(Your objective) Reproduce the data below in full and to the letter, images excepted.

(Collected data)

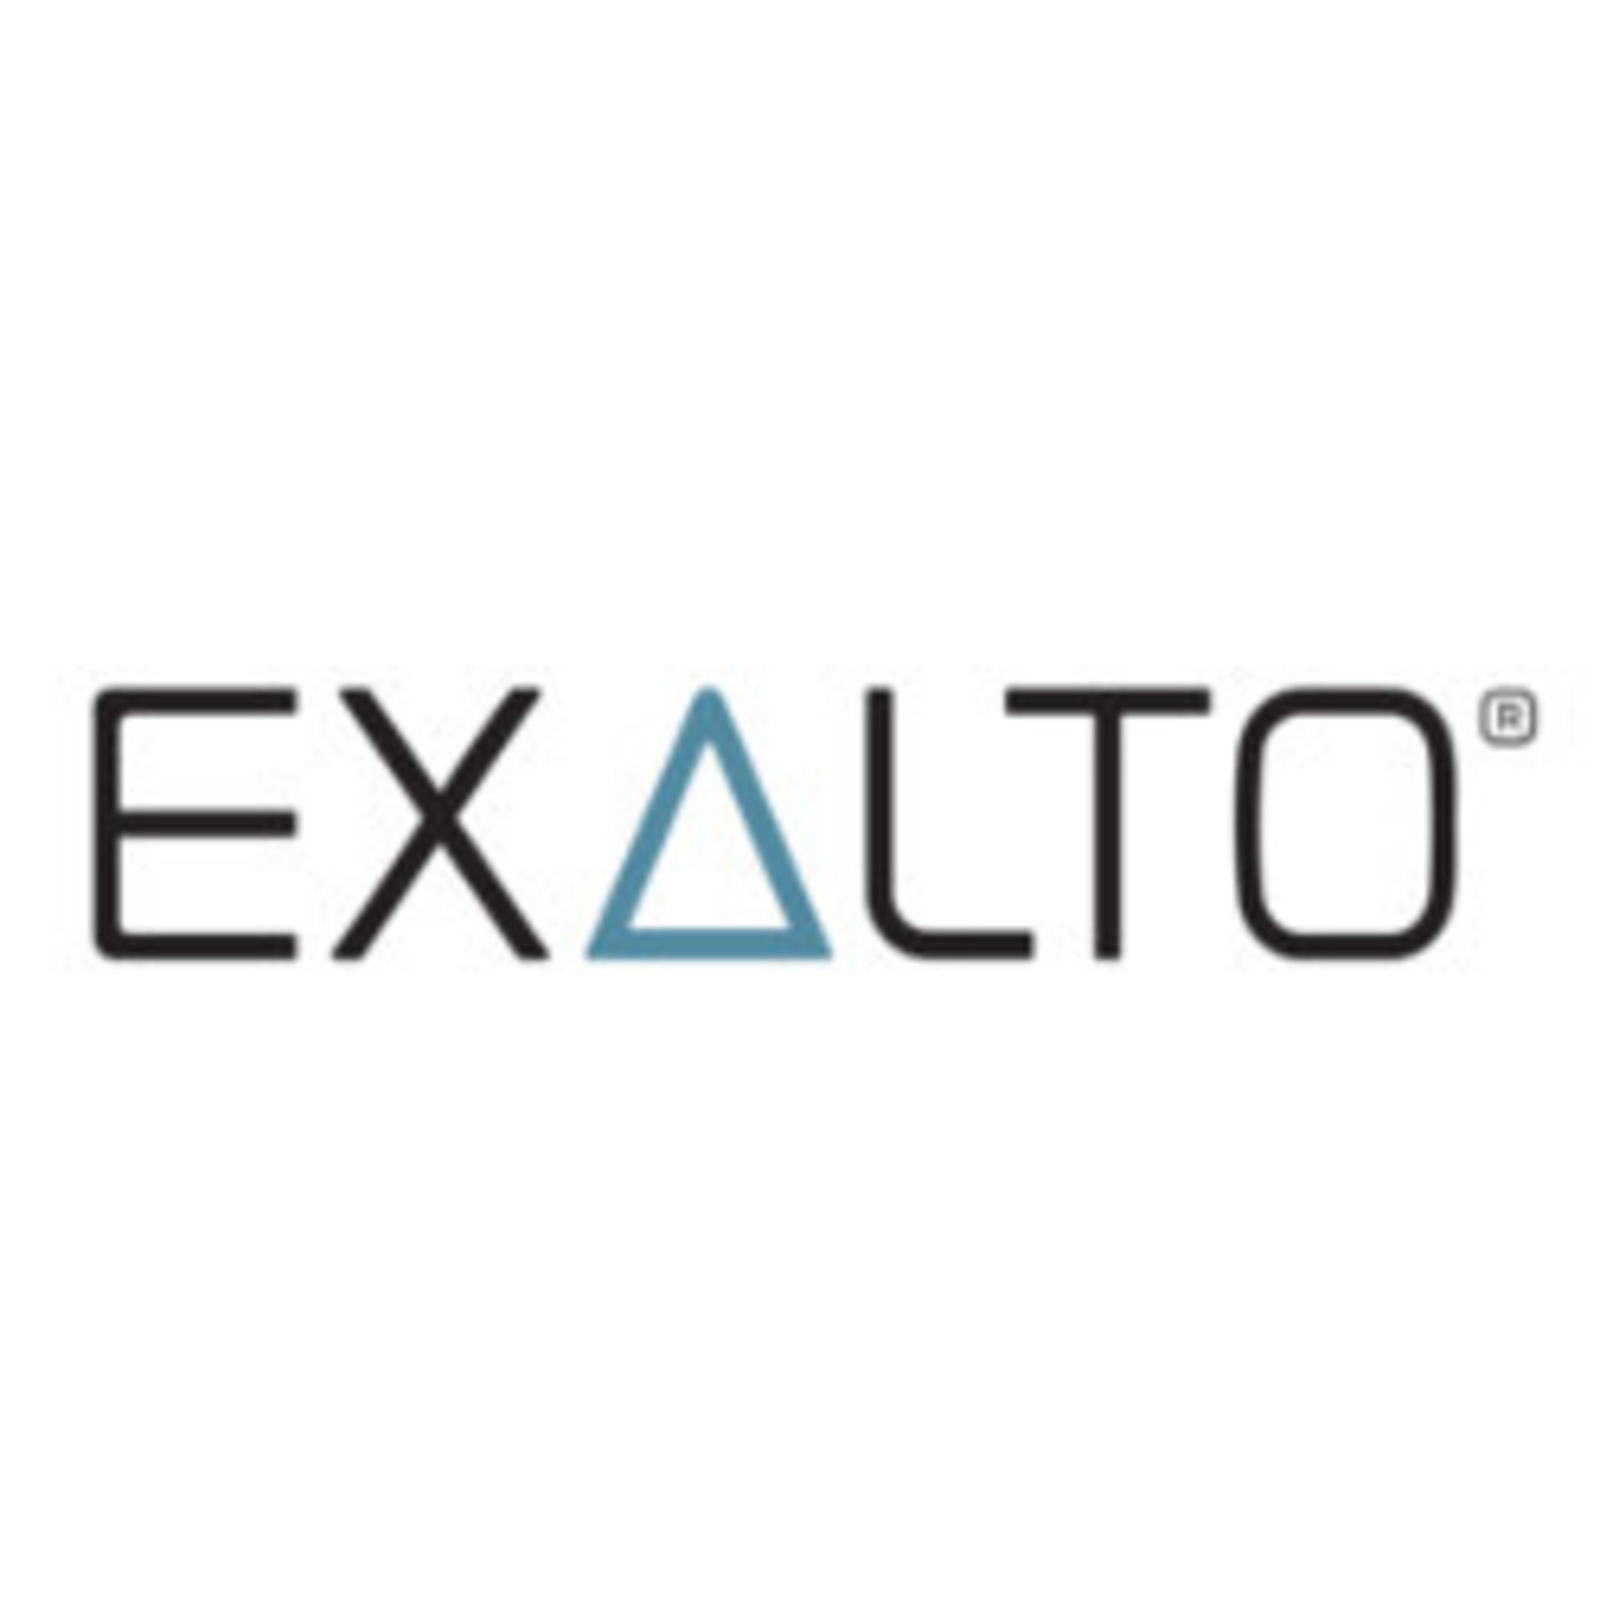 EXALTO Eyewear
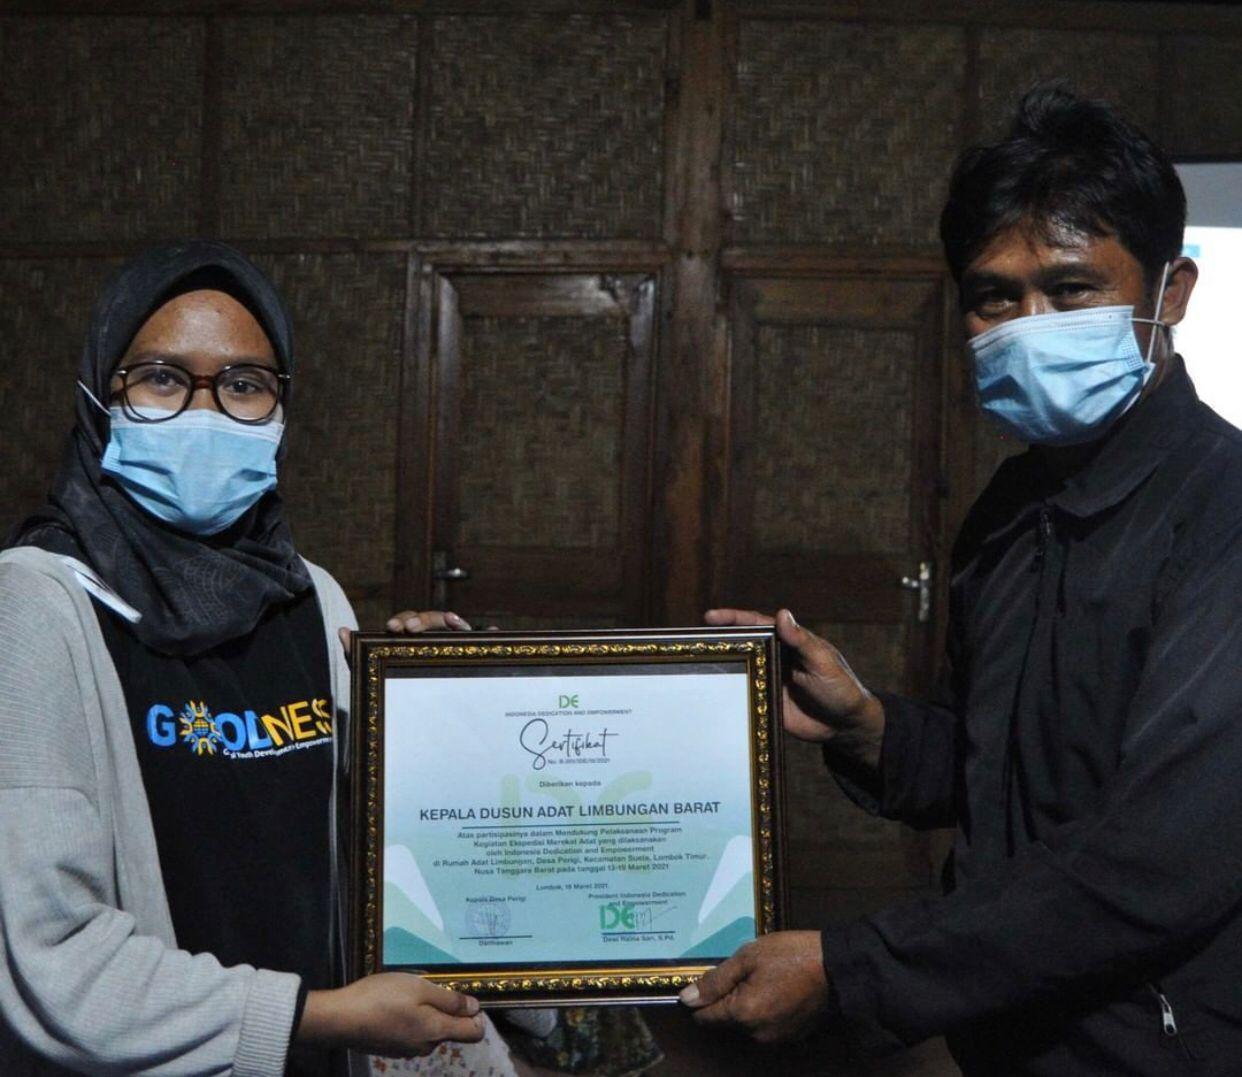 Program Merekat Adat IDE Indonesia
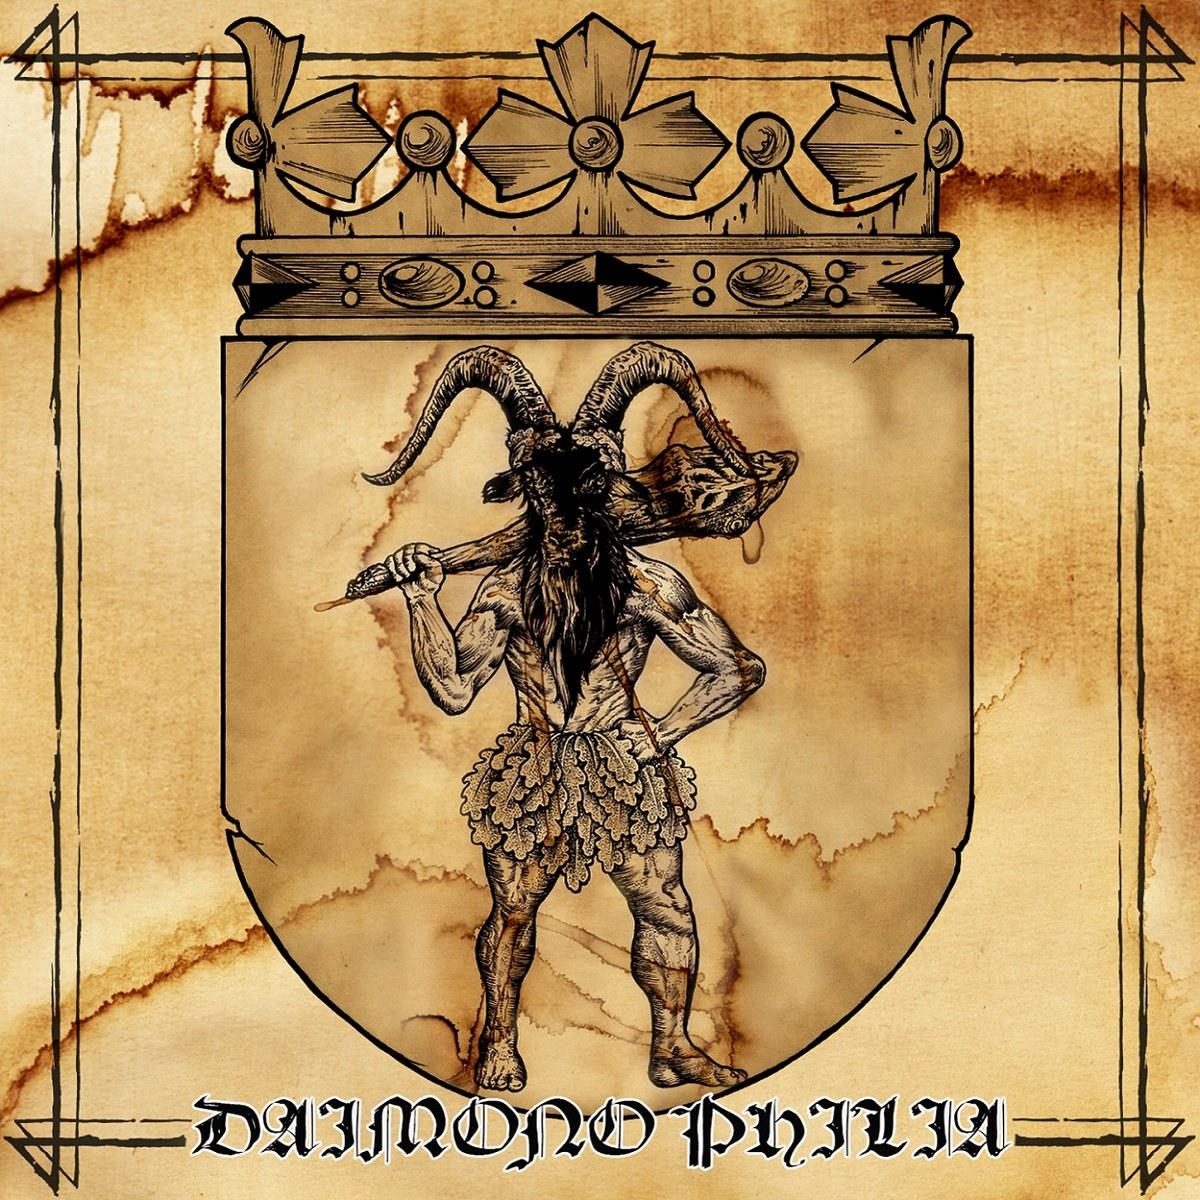 Reviews for Lord of Pagathorn - Daimono Philia

(Solved problem)
 EXALTO Eyewear
 Program Merekat Adat IDE Indonesia
 Reviews for Lord of Pagathorn - Daimono Philia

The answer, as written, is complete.